====== RECORDS TO USE

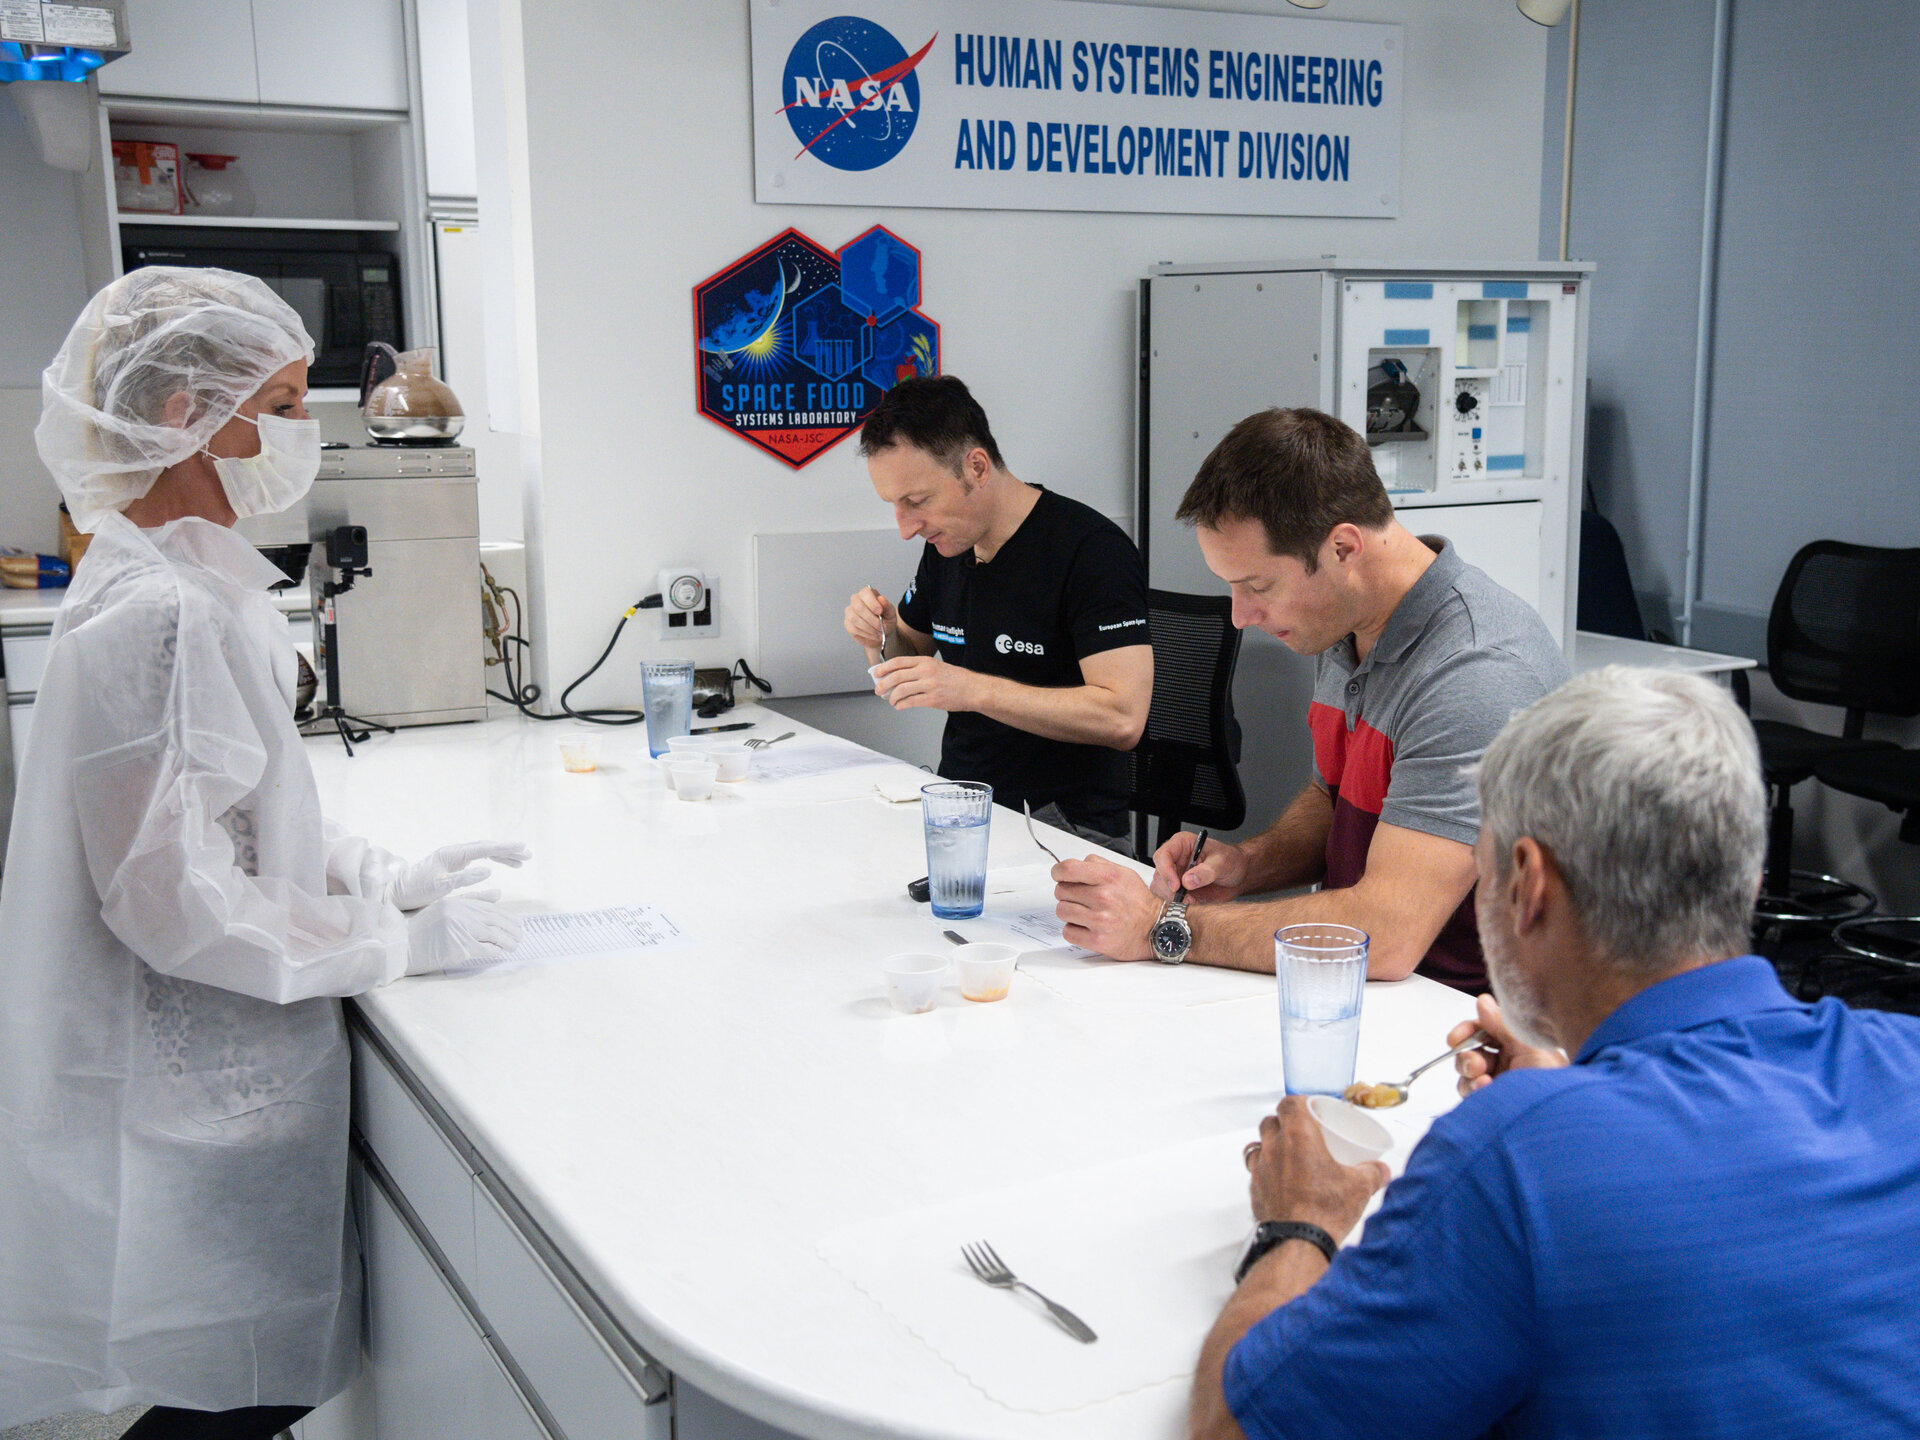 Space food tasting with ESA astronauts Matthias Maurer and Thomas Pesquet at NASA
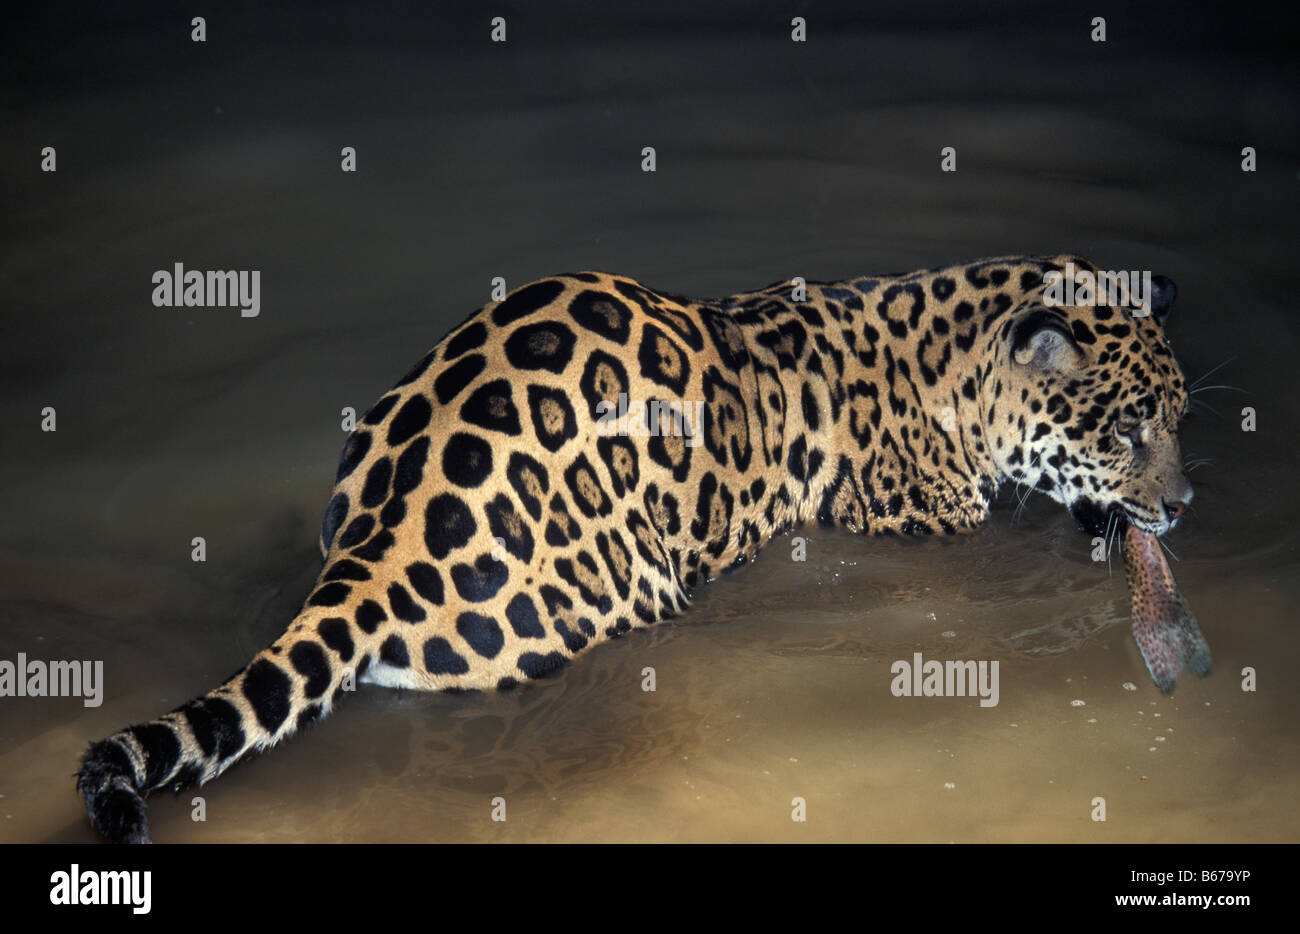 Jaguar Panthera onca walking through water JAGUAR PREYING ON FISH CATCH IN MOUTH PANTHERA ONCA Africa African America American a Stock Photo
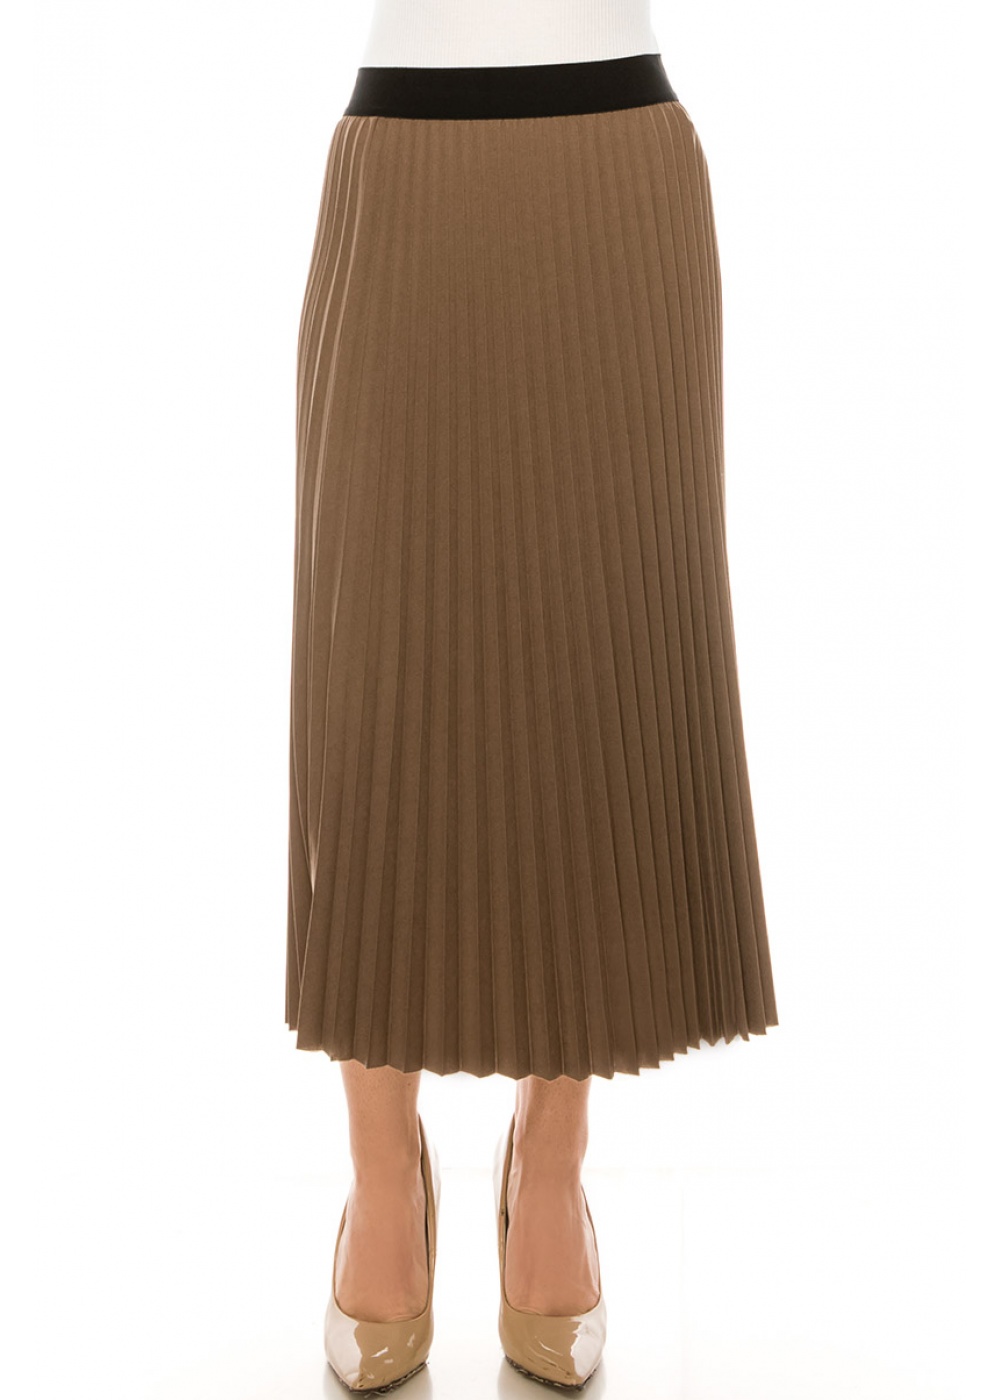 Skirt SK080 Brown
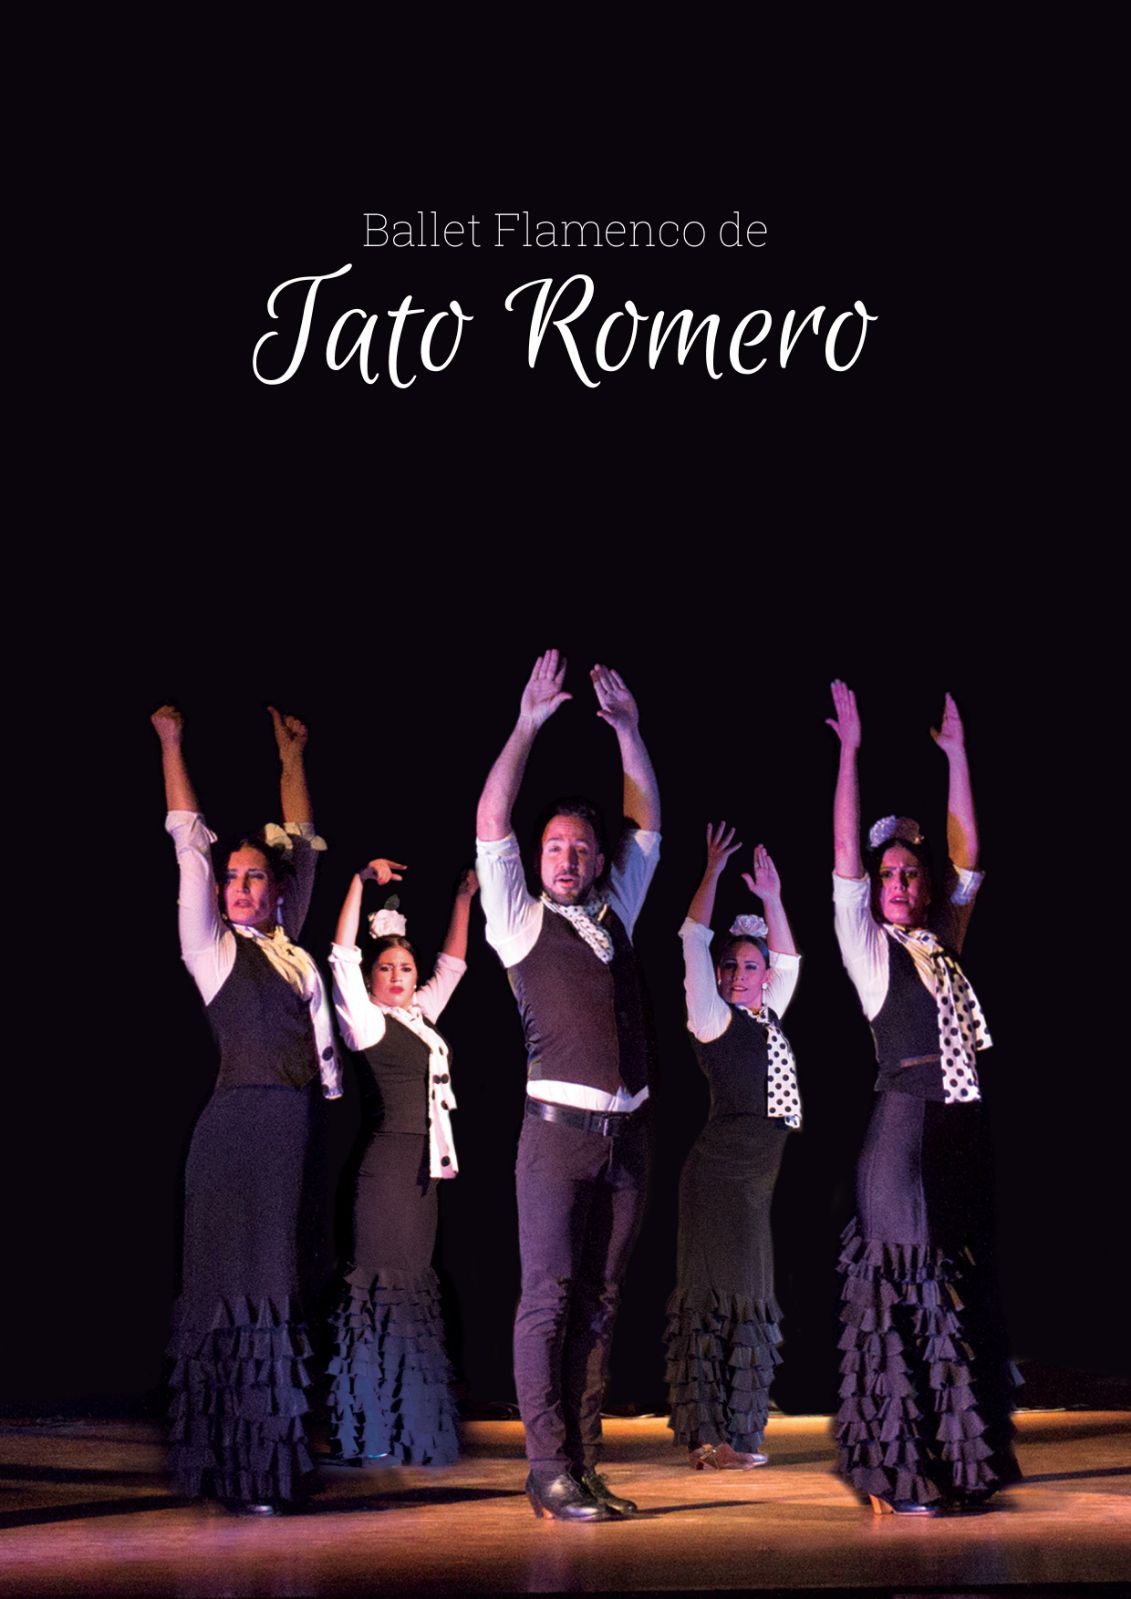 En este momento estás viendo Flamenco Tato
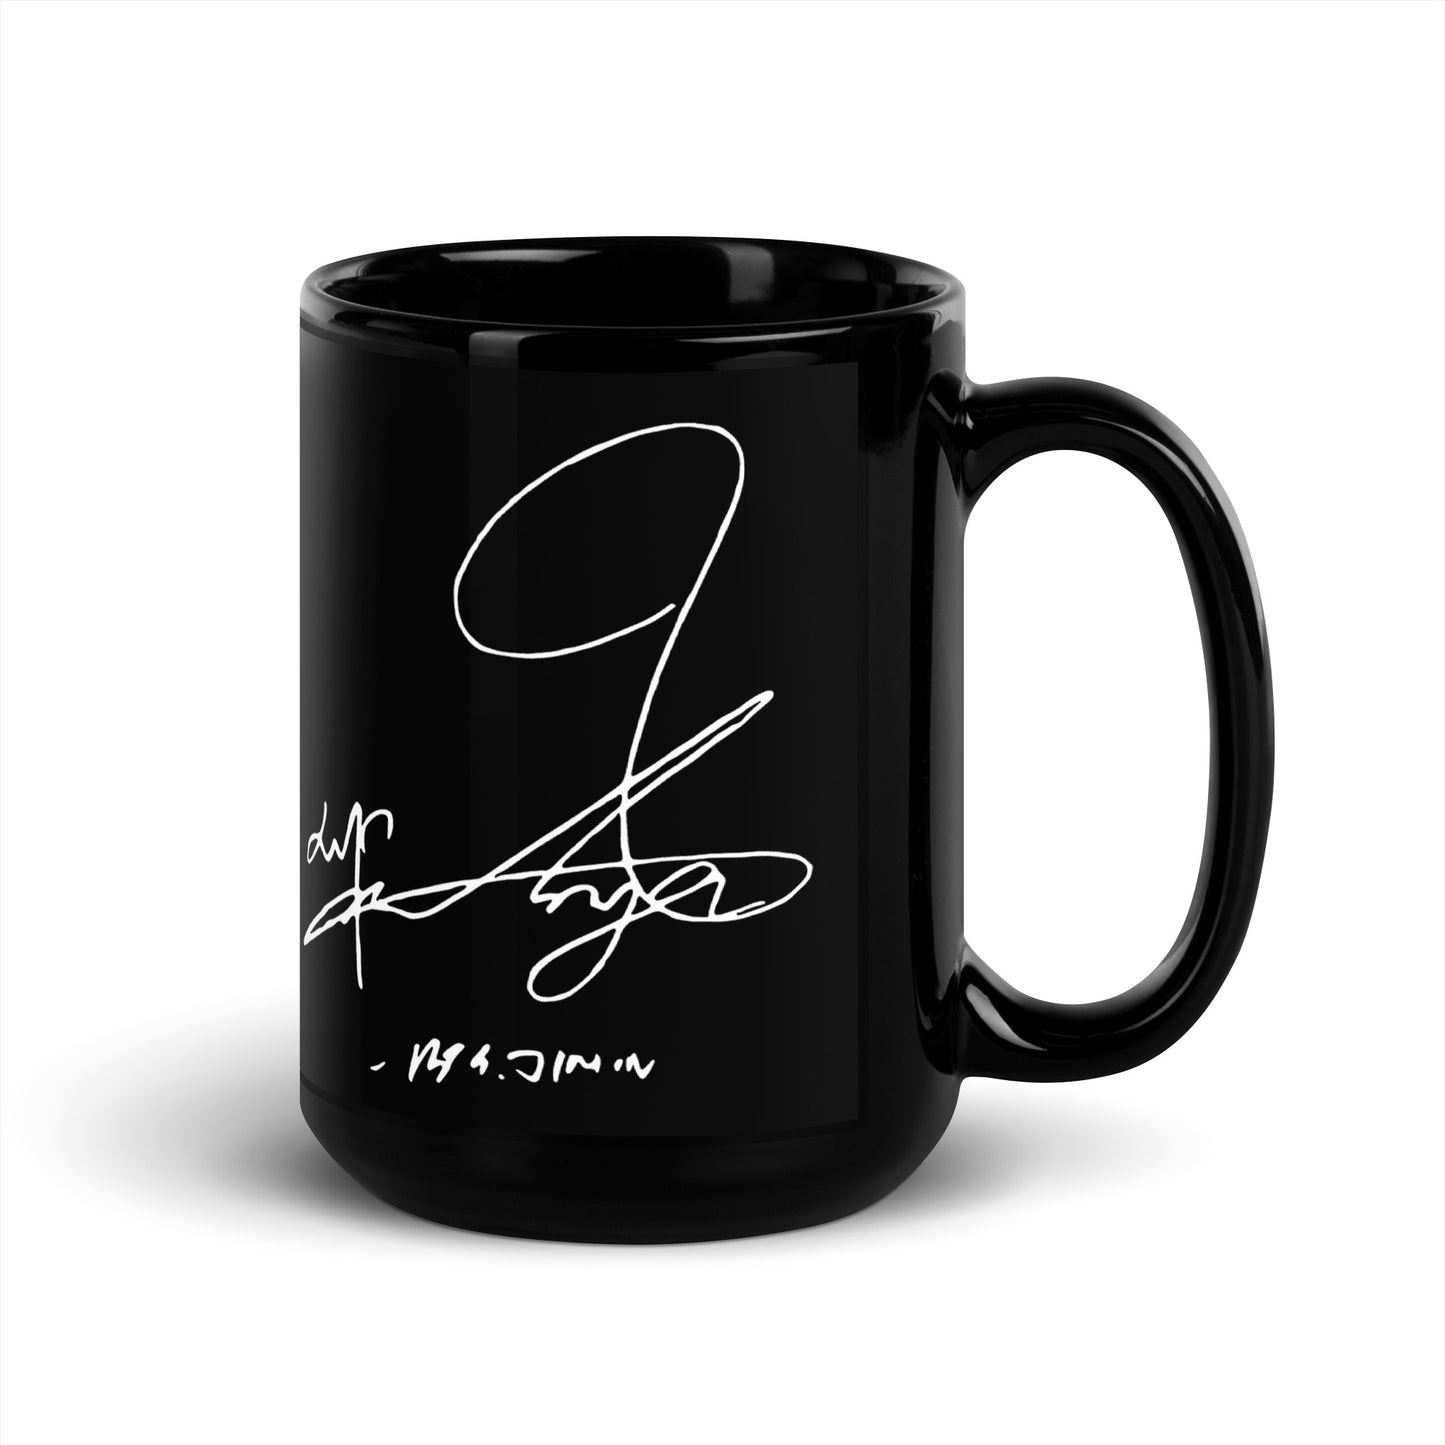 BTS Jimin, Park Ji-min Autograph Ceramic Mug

============

▶ **THE TASK**:
Exactly as given, transcribe every line of the data, but not its images.

▶ **FINISHED TASK**:
 Space food tasting with ESA astronauts Matthias Maurer and Thomas Pesquet at NASA
 Jaguar Panthera onca walking through water JAGUAR PREYING ON FISH CATCH IN MOUTH PANTHERA ONCA Africa African America American a Stock Photo
 Skirt SK080 Brown
 En este momento estás viendo Flamenco Tato
 BTS Jimin, Park Ji-min Autograph Ceramic Mug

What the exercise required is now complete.